Mumbai, Jan 21, (IANS) Private oil and gas producer Cairn India Monday posted a 44 percent rise in its net profit in third quarter ended December 2012, over the corresponding quarter of last fiscal.
The company registered a profit after tax (PAT) of Rs.33,448.90 million for the quarter as compared to Rs.22,619.30 million for the quarter ended Dec 31, 2011.
Total income increased to Rs.46,951.70 million from Rs.35,105.80 million for the third quarter in 2011.
The company had logged a Rs.7.86 billion loss in the previous quarter.
Cairn India's income from operations, however, declined four percent to Rs.42.78 billion year-on-year after paying royalty for operating Rajasthan blocks in which it has 70 percent participating interest. State explorer ONGC holds the remaining 30 percent stake.

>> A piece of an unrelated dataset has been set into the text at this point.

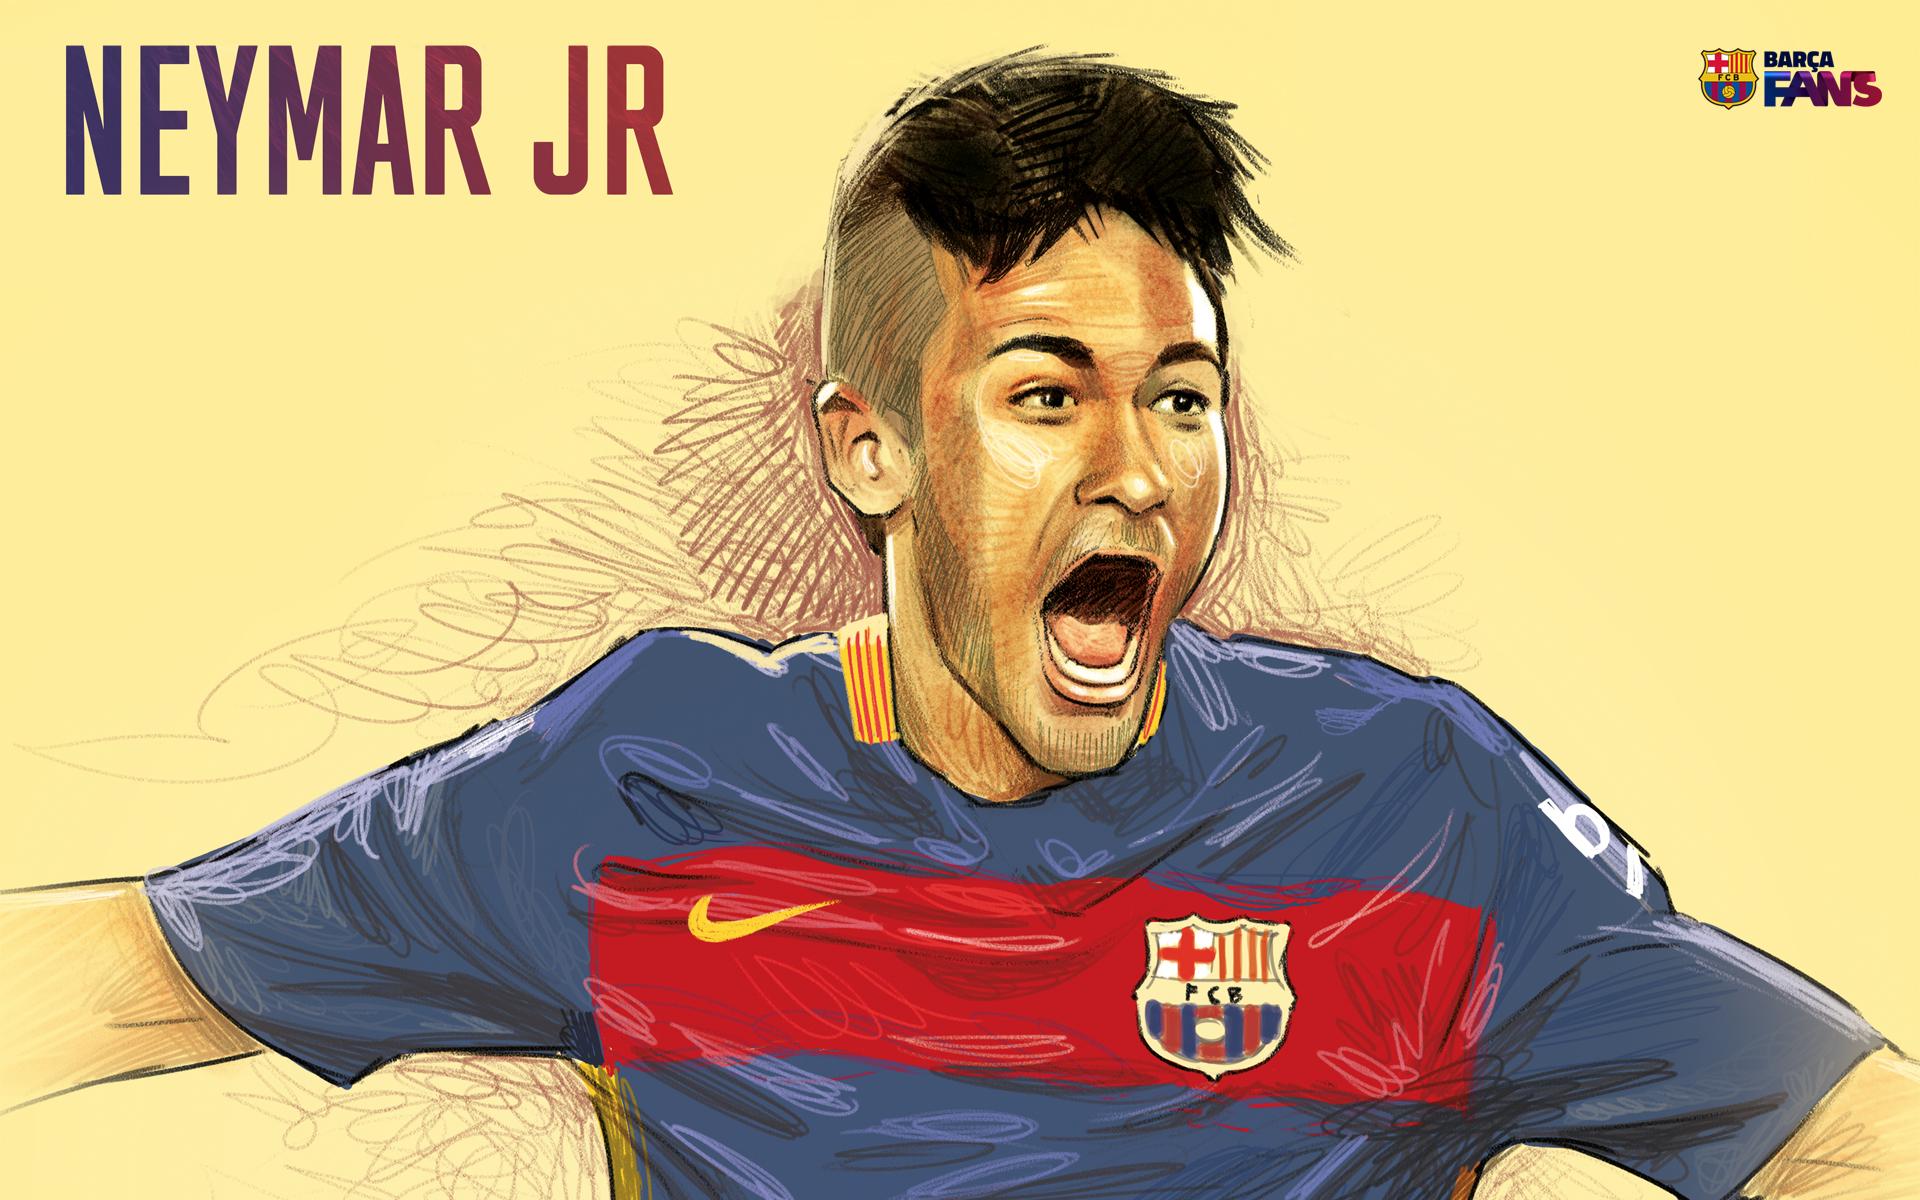 neymar jr wallpaper 2014

The company said the average output from its Rajasthan block stood at 1,69,977 barrels per day (bpd) for the quarter ending Dec 2012, while average gross output rose by 21 percent quarter-on-quarter to 205,014 bpd.
"Cairn brought the Rajasthan block to production within five years of discovery. The current production from Rajasthan block contributes to over 20 percent of the nation's oil production. Over the past three years our understanding of the Barmer Basin has increased and we see tremendous potential going forward," said P. Elango, interim CEO, in a statement.
Earnings before interest, tax, depreciation and amortisation (EBITDA) declined 4.9 percent year-on-year to Rs.32.58 billion in the Oct-Dec quarter.
Among other highlights, the company announced a strong balance sheet with net cash of Rs.146 billion as on Dec 31, 2012, and that it helped reduce nation's crude oil import dependence by $1.7 billion gross
"The Cairn-ONGC joint venture greatly appreciates policy clarity to carry out exploration in existing development blocks. It is a significant step for the nation towards energy self-sufficiency and will not only add to economic growth but also reduce the fiscal deficit through increased contribution to the exchequer," added Elango.